PROBLEM DETAILS
Beginning with the line containing "السفارة الامريكية بالقاهرة موقع الويب الرسمي" and going on through the line containing "オーランド国際空港の写真", the lines below are to be returned exactly, pictures excluded and nothing added.

DATASET
-.-.-
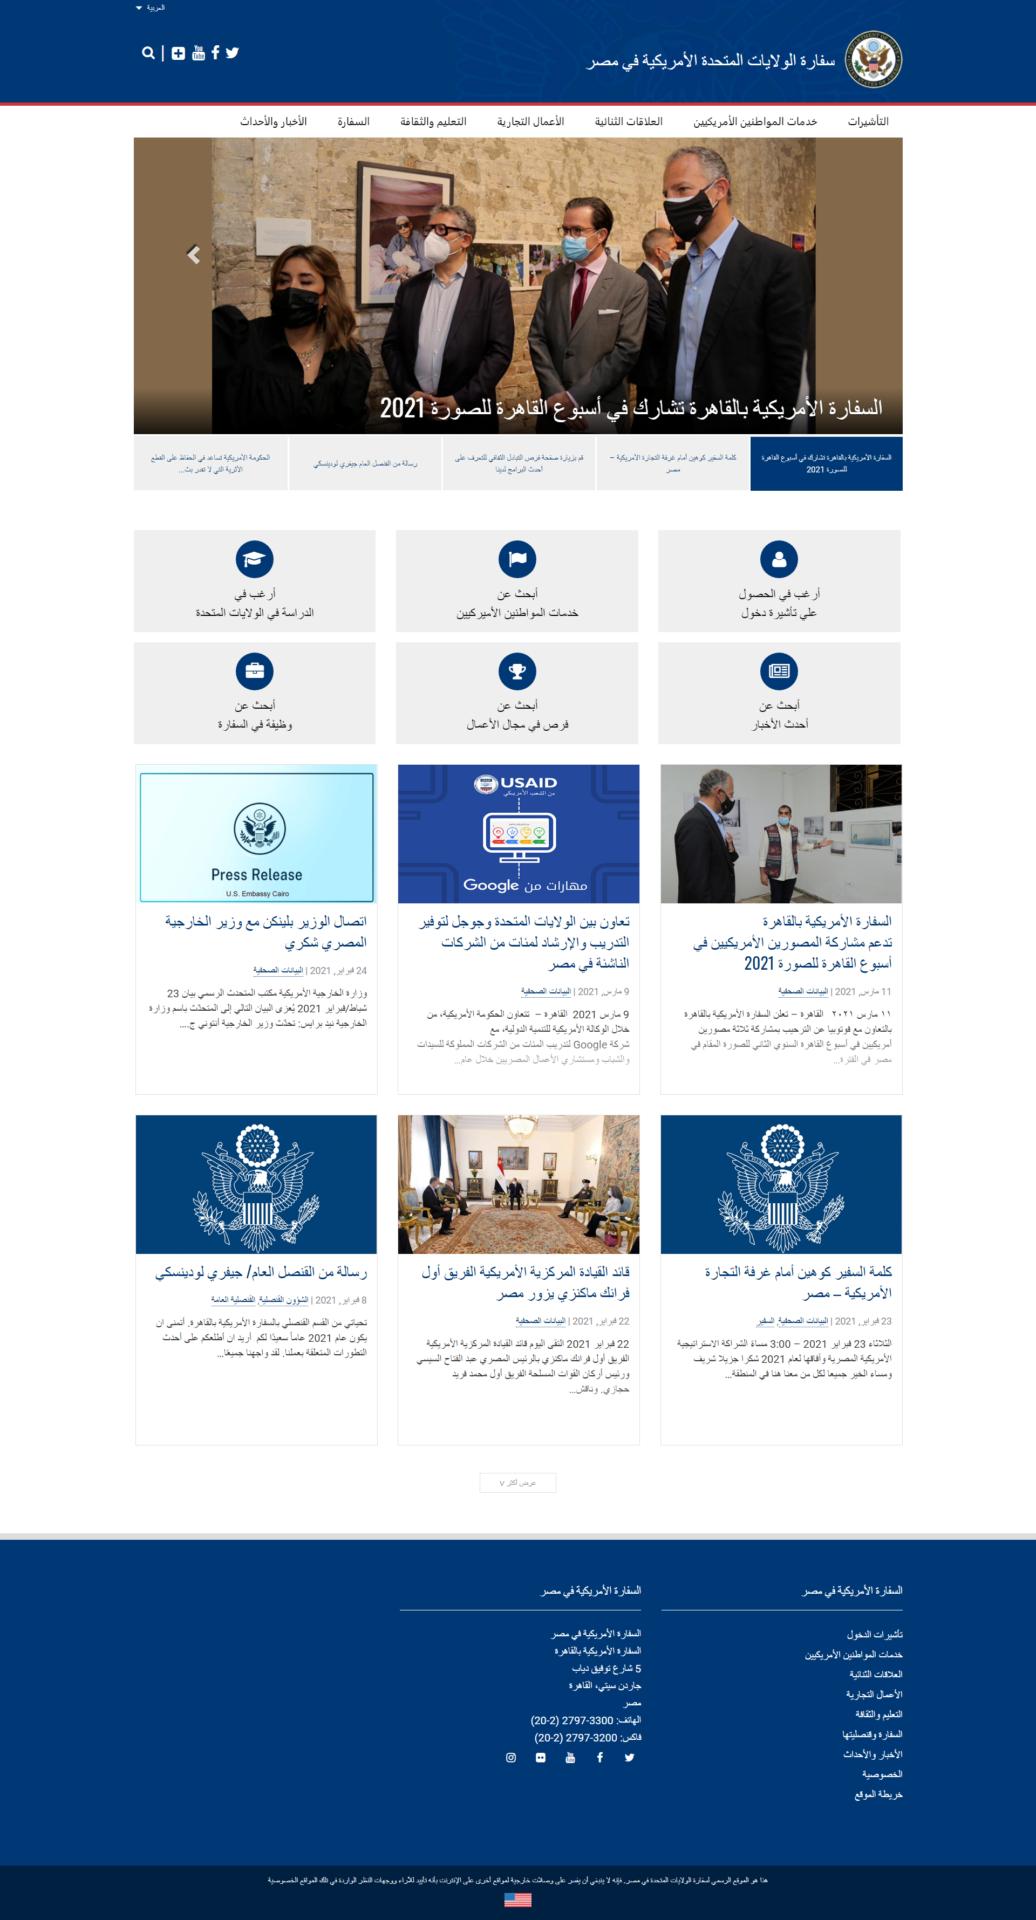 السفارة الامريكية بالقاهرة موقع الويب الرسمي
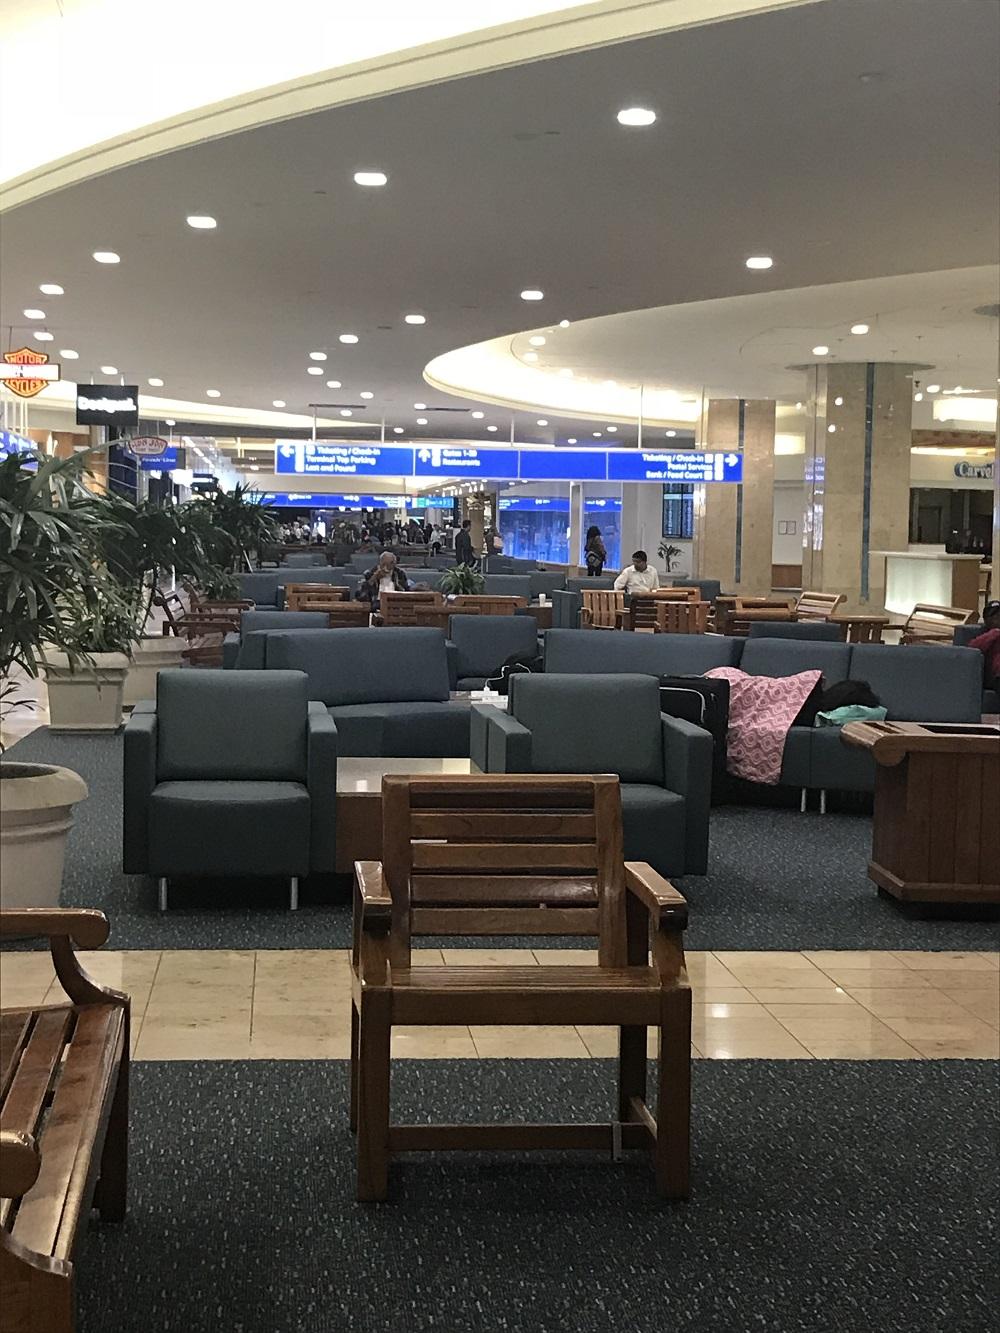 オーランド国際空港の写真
-.-.-
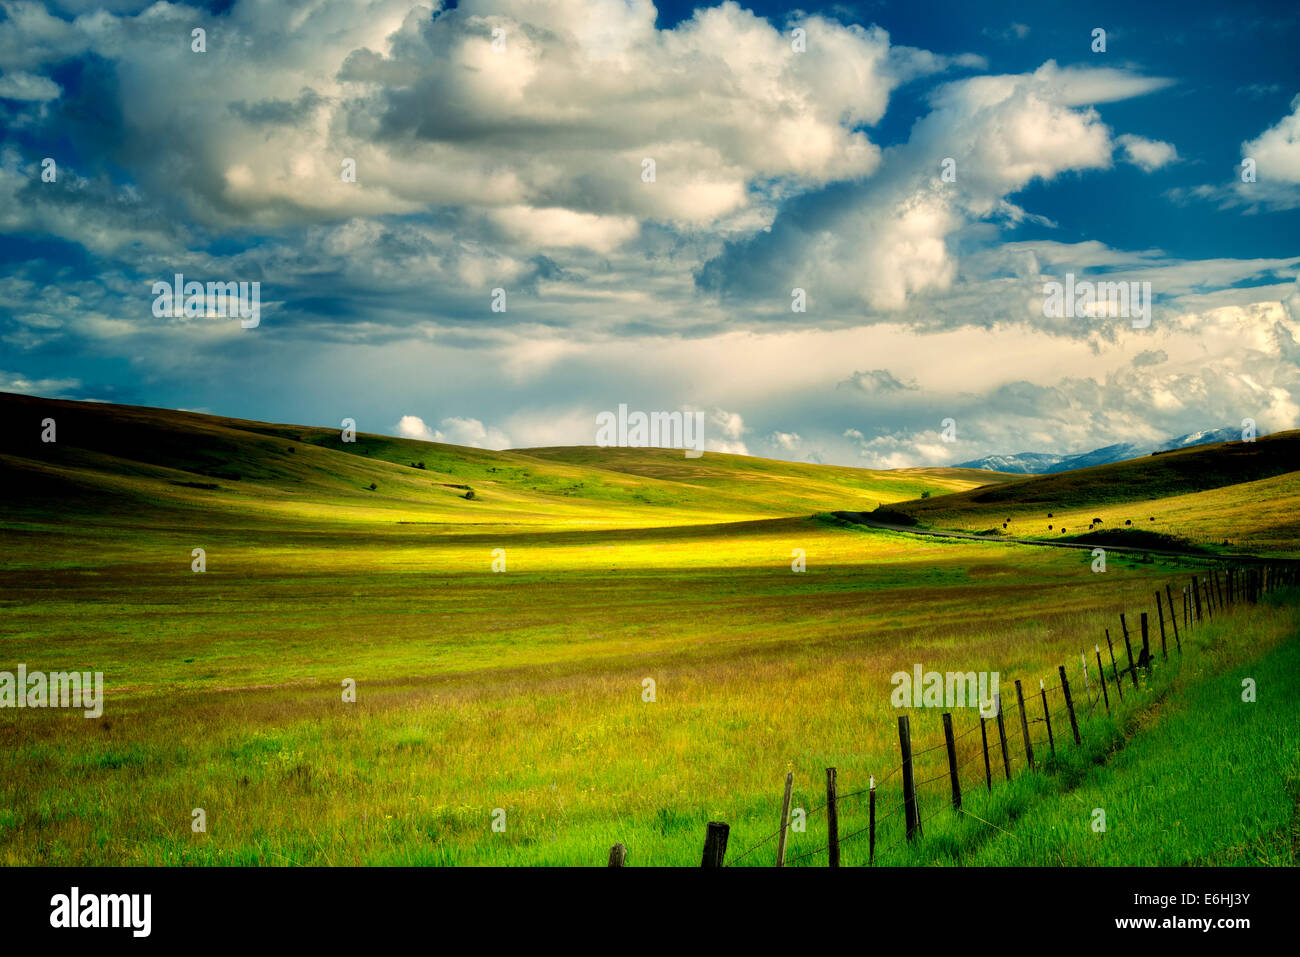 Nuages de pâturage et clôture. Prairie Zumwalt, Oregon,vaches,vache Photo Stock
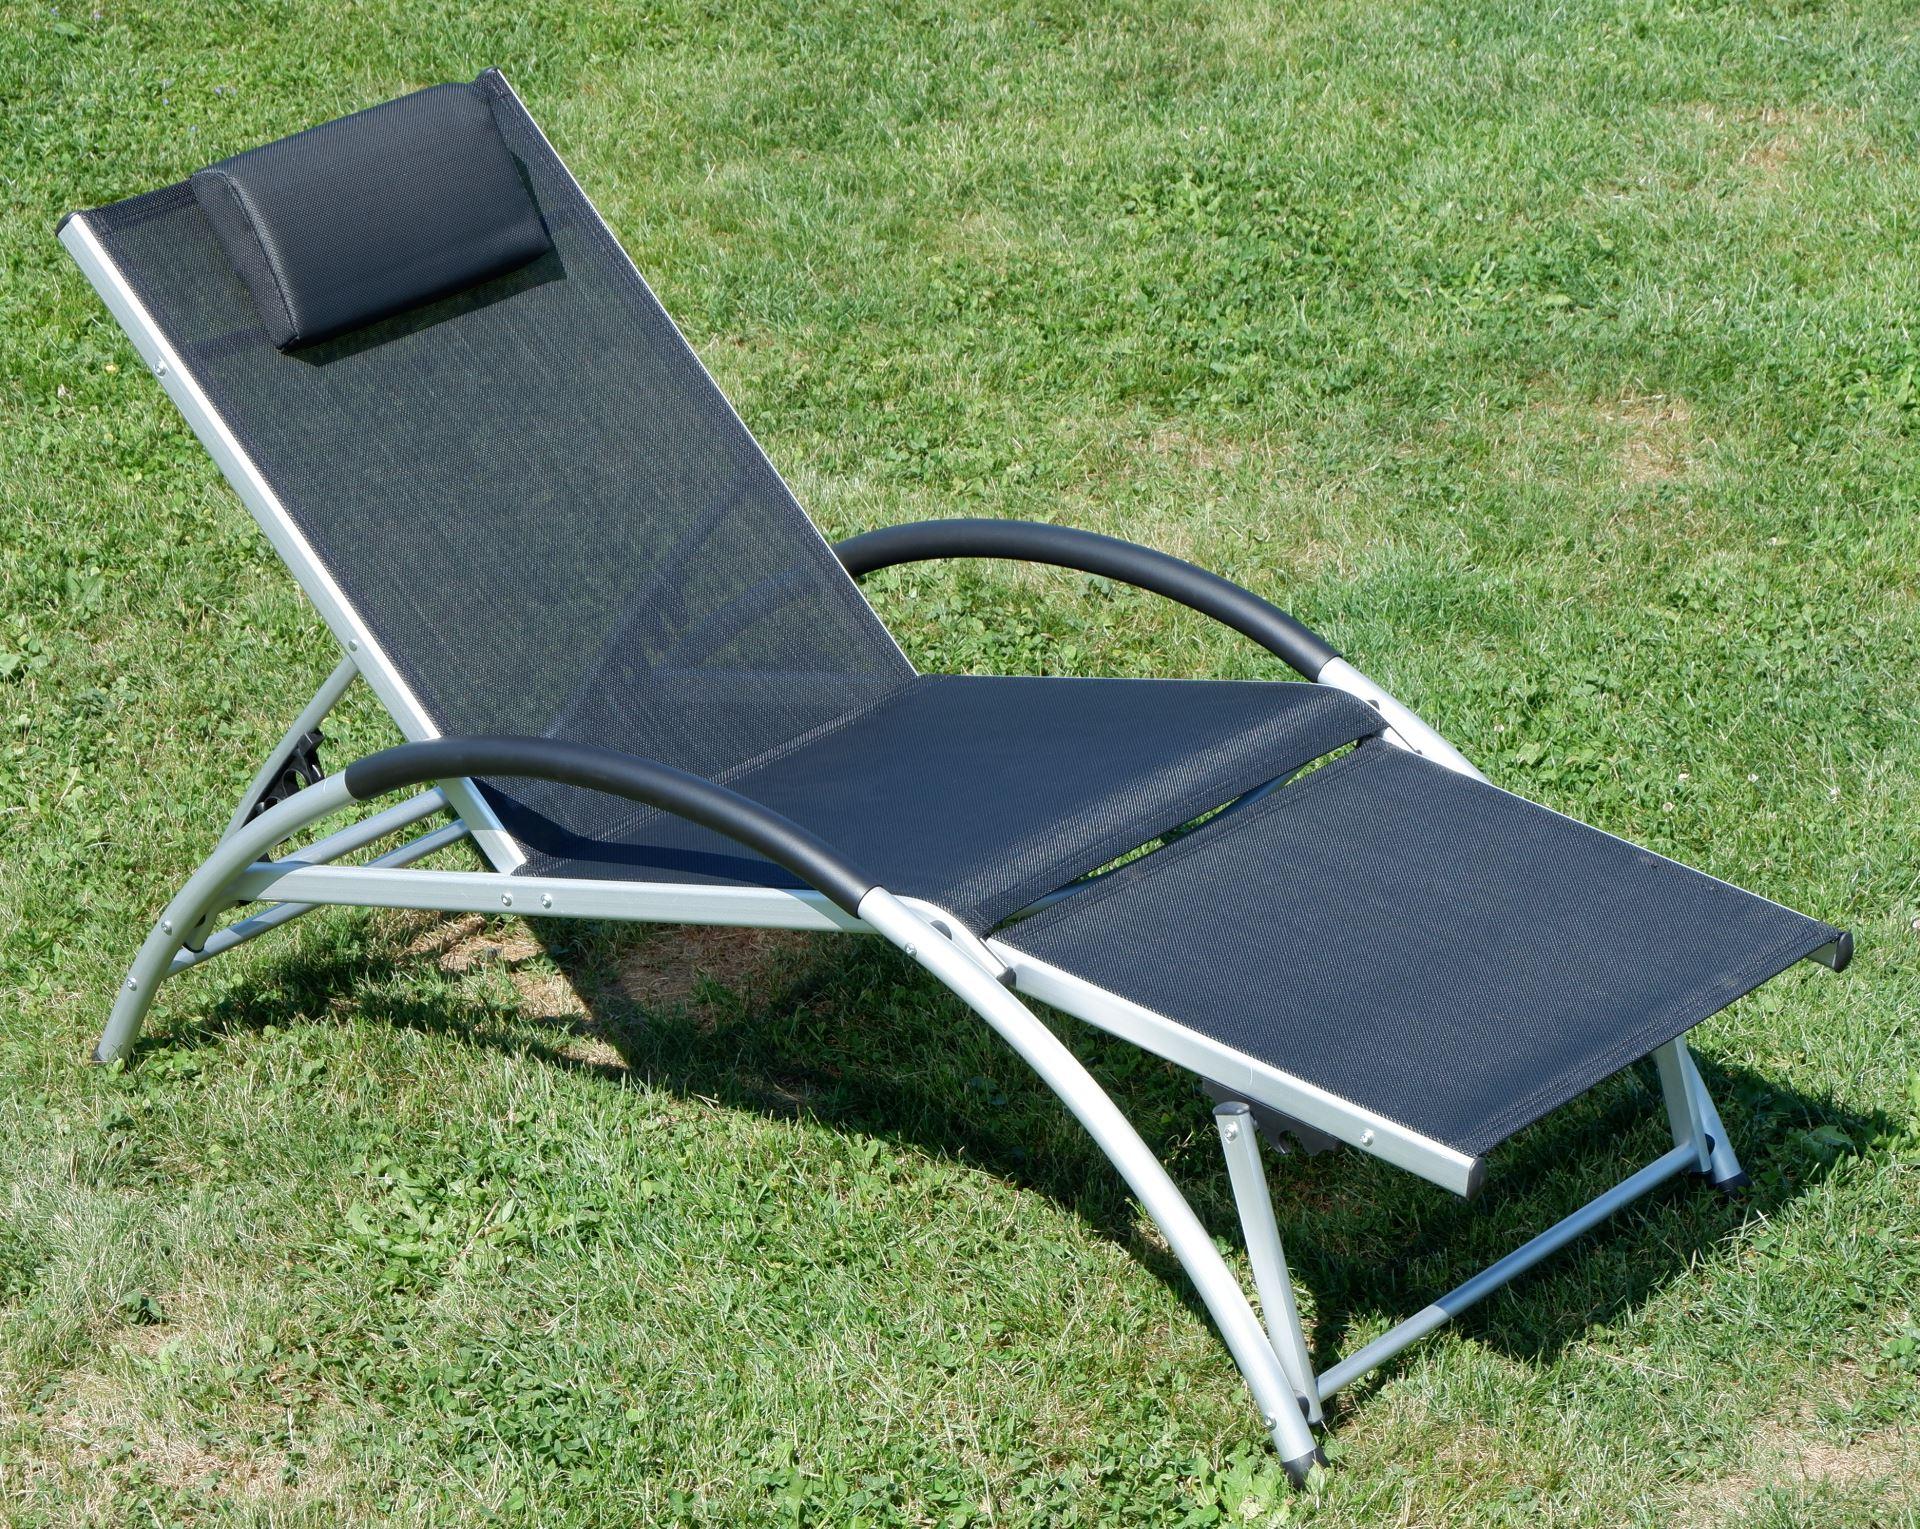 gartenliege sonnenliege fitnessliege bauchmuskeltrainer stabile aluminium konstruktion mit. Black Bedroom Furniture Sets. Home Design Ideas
-.-.-
ANSWER SECTION
 السفارة الامريكية بالقاهرة موقع الويب الرسمي
 オーランド国際空港の写真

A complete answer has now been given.